Washington Redskins: A Recent History of the No. 51 Overall Pick

Brad Gagnon@Brad_Gagnon NFL National ColumnistApril 16, 2013

ARLINGTON, TX - NOVEMBER 22:  Wide receiver Malcolm Kelly #12 of the Washington Redskins at Cowboys Stadium on November 22, 2009 in Arlington, Texas.  (Photo by Ronald Martinez/Getty Images)
Ronald Martinez/Getty Images

For the first time in five years, the Washington Redskins are without a first-round pick, leaving lots of fans in the dark regarding the kind of player that they might end up with when their team is finally on the board in the second round. 

They also picked 51st the last time they didn't have a first-round selection, back in 2008, but they picked 34th and 48th that year, too. Their first pick hasn't come this late since 1989. 

In order to give you a feel for what has happened in this spot in the past, let's look at the last 13 No. 51 overall picks...

I've color-coded the above chart, placing those who met or exceeded expectations in blue and those who failed to live up to expectations in red.
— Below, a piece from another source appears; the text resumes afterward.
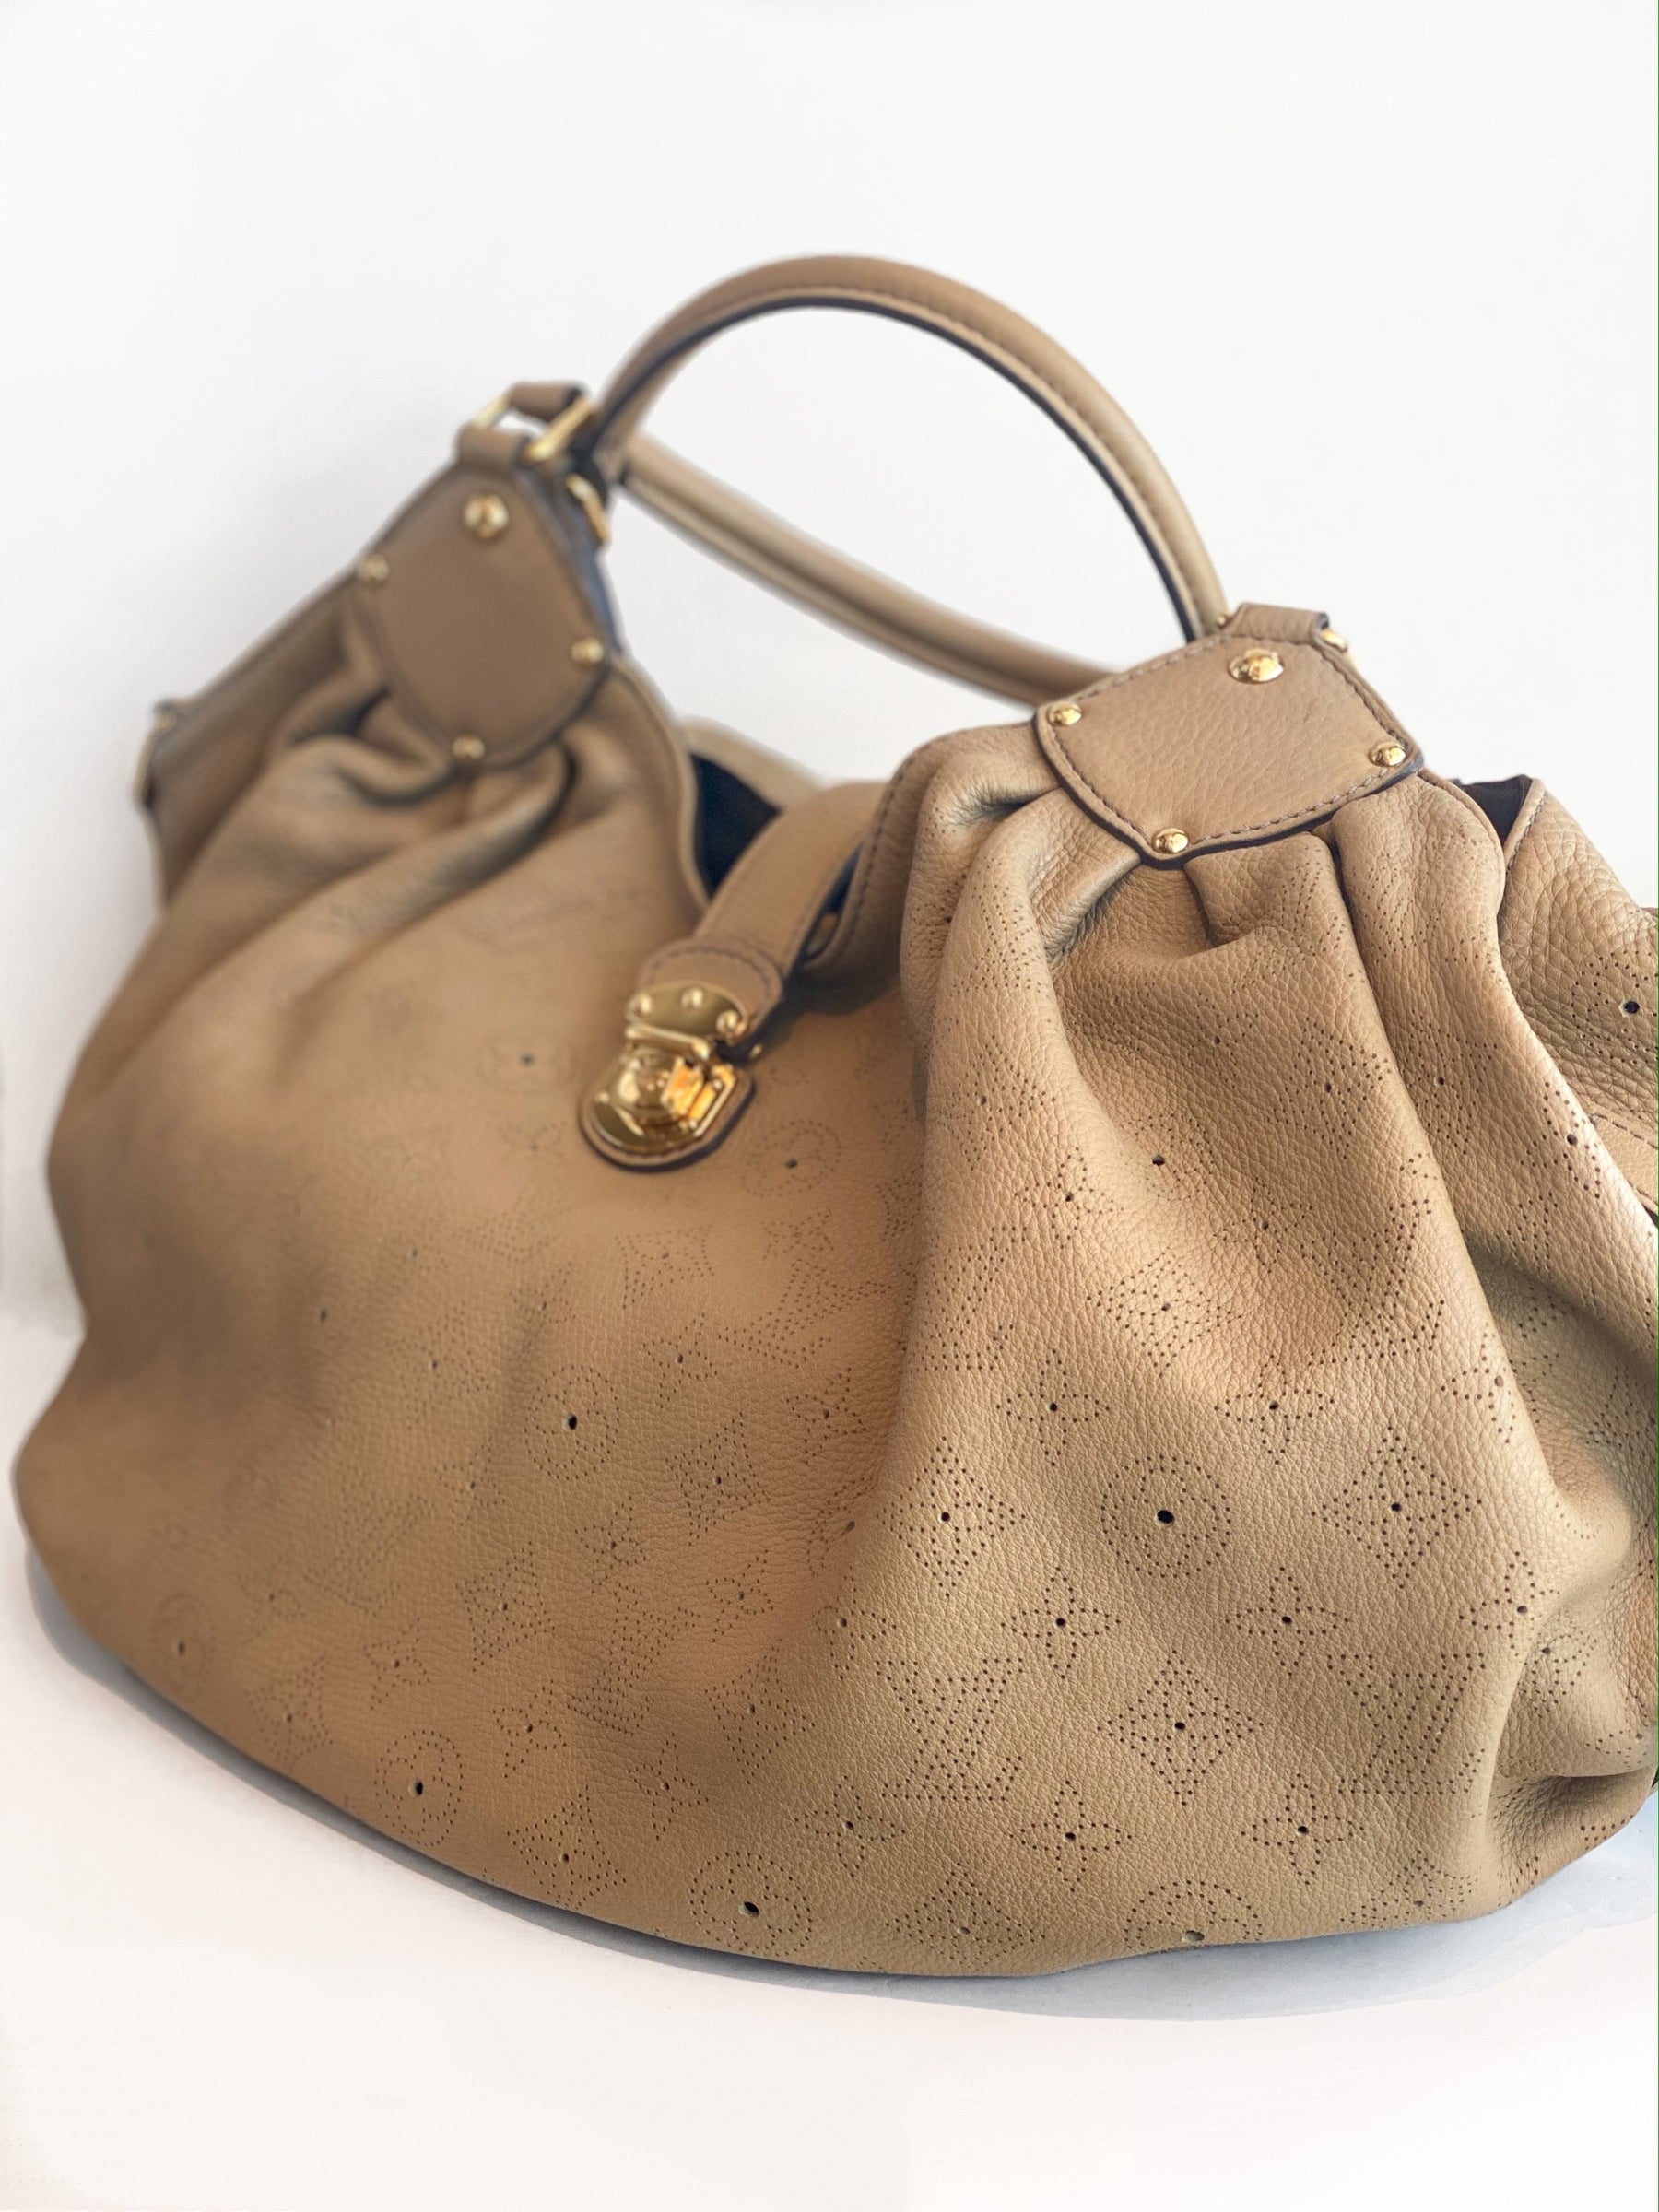 Louis Vuitton Mahina Hobo Bag Monogram Tan Leather Side of Bag

The jury's still out on the three most recent picks, who are in green.

Denver held three No. 51 overall picks in a row, sandwiching a star running back with two busts. But there's been only one other obvious bust since, and that came when Washington picked Kelly in 2008.

Unfortunately, nobody picked here before 2010 is still with his original team, but six of the last eight are still productive NFL players. And Collins might have been the best of the batch had a serious neck injury not abruptly ended his career in 2011.  

In a perfect world, the Redskins end up with a player of the same caliber of Levitre, Collins or Portis, but guys like Smith, Cook, Edwards and Coleman wouldn't wind up as terrible additions, either. 

The fear, of course, is winding up with another Kelly, who was released after spending the entire 2010 season on injured reserve. He was a non-factor as a rookie and didn't make enough of an impact in 2009 to save his career. 

Kelly, however, was drafted by the last regime, and this front office has done a much better job evaluating talent and selecting quality players.